SAVA: Scalable Learning-Agnostic Data Valuation
Samuel Kessler, Tam Le, Vu Nguyen
TL;DR
This work addresses the challenge of valuing data for training large models when training sets contain noisy artifacts by casting data valuation as a transport-based discrepancy between a noisy training distribution $\mu_t$ and a clean validation distribution $\mu_v$. It introduces SAVA, a scalable variant of LAVA that performs multiple small OT computations on data batches within a hierarchical OT framework, reducing memory usage from $O(N^2)$ to batch-scale costs while preserving valuation quality. The authors provide refined theoretical results for entropic regularization in OT gradients and demonstrate that SAVA scales to millions of data points with competitive performance on corruption-detection and data-pruning tasks, notably on CIFAR-10 with various corruptions and the large Clothing1M dataset.
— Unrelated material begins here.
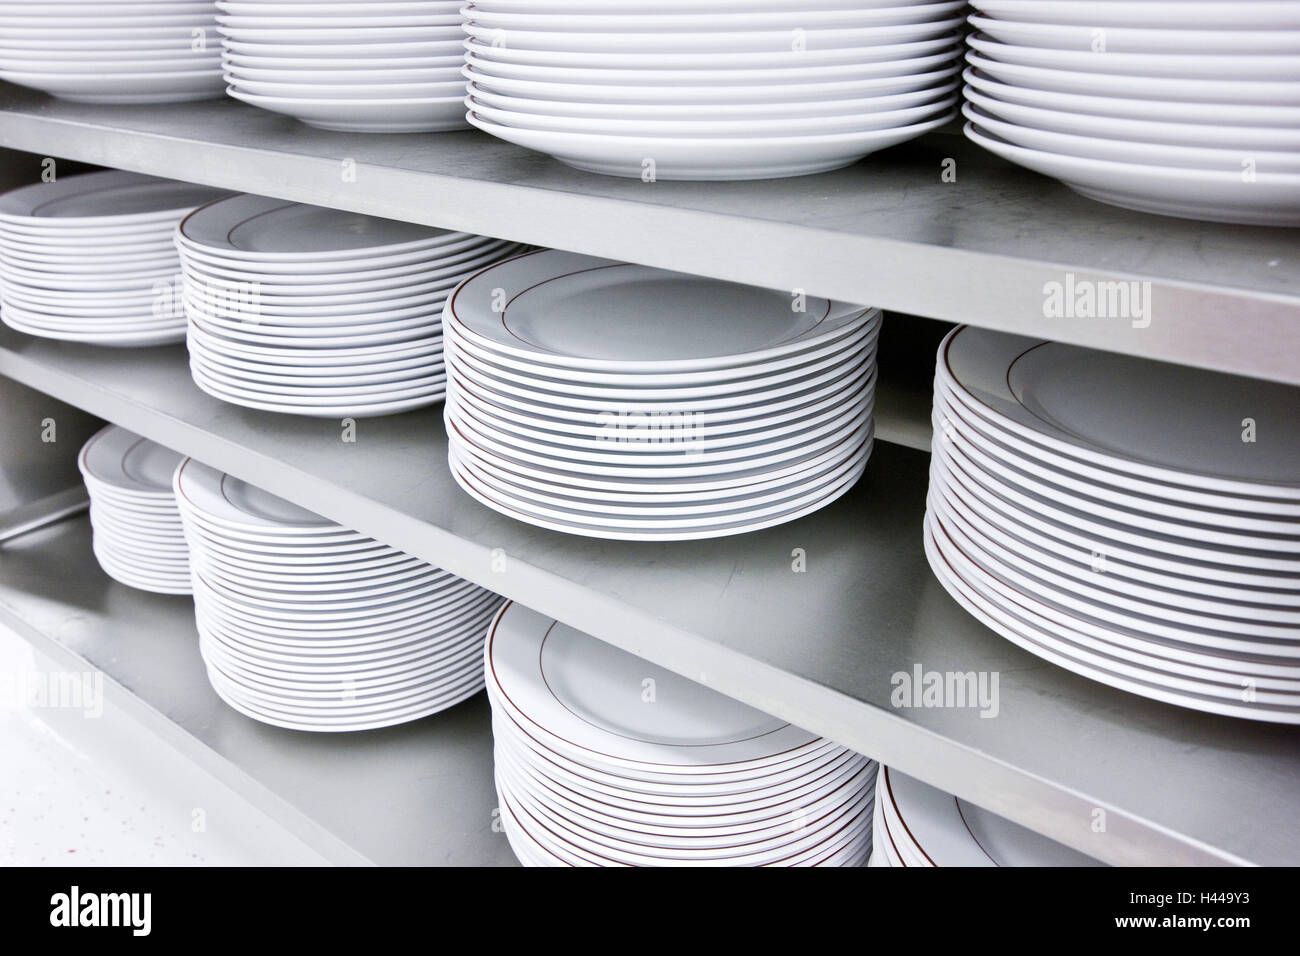 Shelf, plate, stacked, dishes, porcelain, batch, order, cleanly, white, cuisine, Stock Photo

The approach enables practical OT-based data valuation for real-world large-scale datasets, offering efficiency gains and robust data selection without model-specific dependencies. Overall, SAVA advances data valuation by delivering scalable, model-agnostic data pruning that preserves valuation fidelity on massive web-scraped datasets.
Abstract
Selecting data for training machine learning models is crucial since large, web-scraped, real datasets contain noisy artifacts that affect the quality and relevance of individual data points. These noisy artifacts will impact model performance. We formulate this problem as a data valuation task, assigning a value to data points in the training set according to how similar or dissimilar they are to a clean and curated validation set. Recently, LAVA demonstrated the use of optimal transport (OT) between a large noisy training dataset and a clean validation set, to value training data efficiently, without the dependency on model performance. However, the LAVA algorithm requires the entire dataset as an input, this limits its application to larger datasets. Inspired by the scalability of stochastic (gradient) approaches which carry out computations on batches of data points instead of the entire dataset, we analogously propose SAVA, a scalable variant of LAVA with its computation on batches of data points. Intuitively, SAVA follows the same scheme as LAVA which leverages the hierarchically defined OT for data valuation. However, while LAVA processes the whole dataset, SAVA divides the dataset into batches of data points, and carries out the OT problem computation on those batches. Moreover, our theoretical derivations on the trade-off of using entropic regularization for OT problems include refinements of prior work. We perform extensive experiments, to demonstrate that SAVA can scale to large datasets with millions of data points and does not trade off data valuation performance.